Slide 40: Prognosis Poor prognostic indicators  Delay in treatment of more than 5 months from onset of  nephritis Young age at onset of nephritis  Male sex  Black racial background  Hypertension  Nephrotic syndrome  Elevated creatinine level (>3 mg/dL) at presentation  Persistently elevated anti-dsDNA and low C3 and C4 levels  Renal biopsy findings showing diffuse lupus nephritis or high  chronicity index

Slide 41: Prognosis Excellent prognosis: Minimal mesangial lupus nephritis and  mesangial proliferative lupus nephritis (ISN/RPS 2003 classes I and II) Good prognosis: Focal lupus nephritis (ISN/RPS 2003 class III)   only a minority of patients develop progressive renal failure. Fair prognosis   Diffuse lupus nephritis (ISN/RPS 2003 class IV) a significant number of patients developing progressive renal failure.  Membranous lupus nephritis (ISN/RPS 2003 class V)  a significant number of patients developing progressive renal  deterioration gradually over time.

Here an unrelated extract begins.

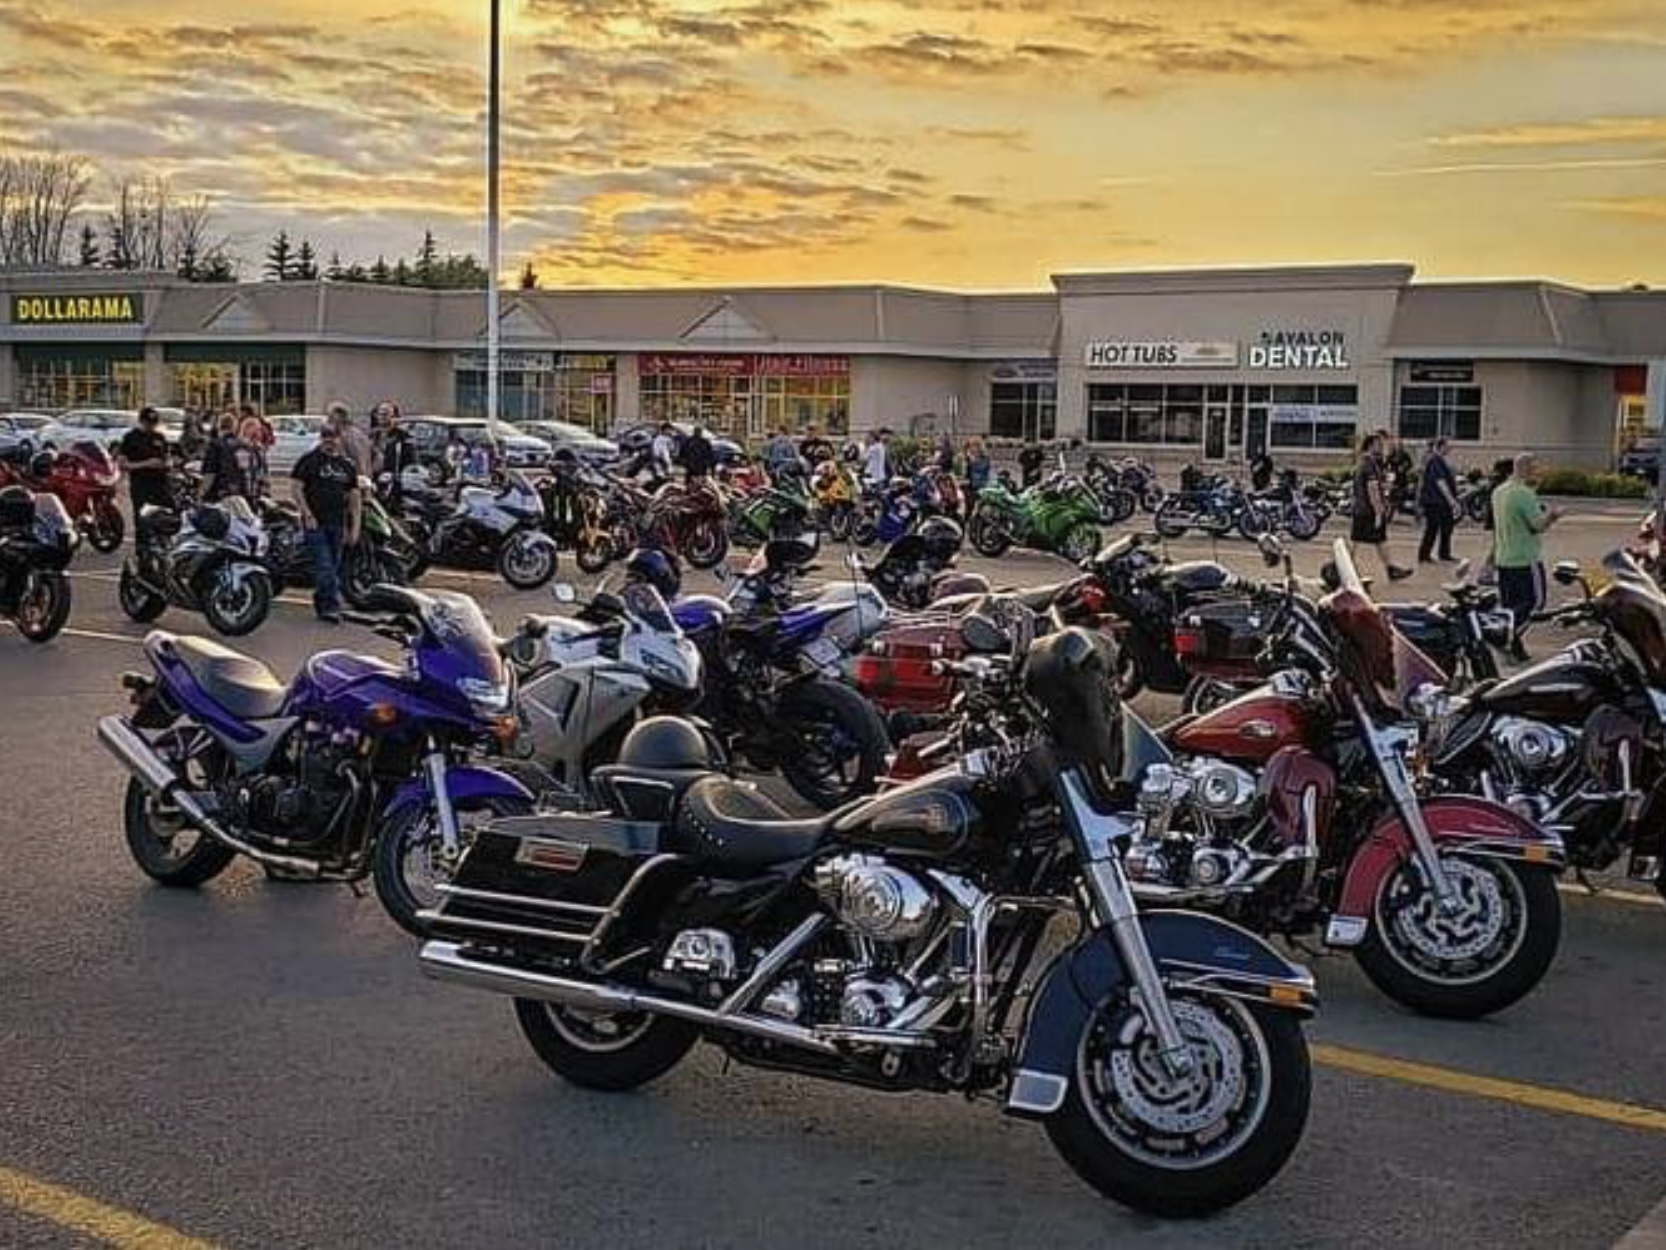 A strip mall parking lot filled with rows of parked motorcycles and groups of people standing around visiting under a golden sunset on a summer evening.

Slide 42: Complications: Some degree of long term and often permanent  organ dysfunction from either SLE or its treatment has been found in 88% of patients. Hypertension  Growth retardation  Chronic pulmonary impairment  Ocular abnormalities  Permanent renal damage  Neuropsychiatric symptoms  Musculoskeletal damange  Gonadal impairment  J. Rheumatology 1990

Slide 43: Summary: SLE is a potentially life-threatening disease, however pts can do  well if the disease is recognized early and treated aggressively. Renal disease is a major cause of morbidity and mortality in  children with SLE. The short and long term outcome have improved in recent years.  As pts survive longer, there is significant morbidity from the  disease and its treatments and it is difficult to balance minimising permanent organ damage with side effects from potentially harmful drugs.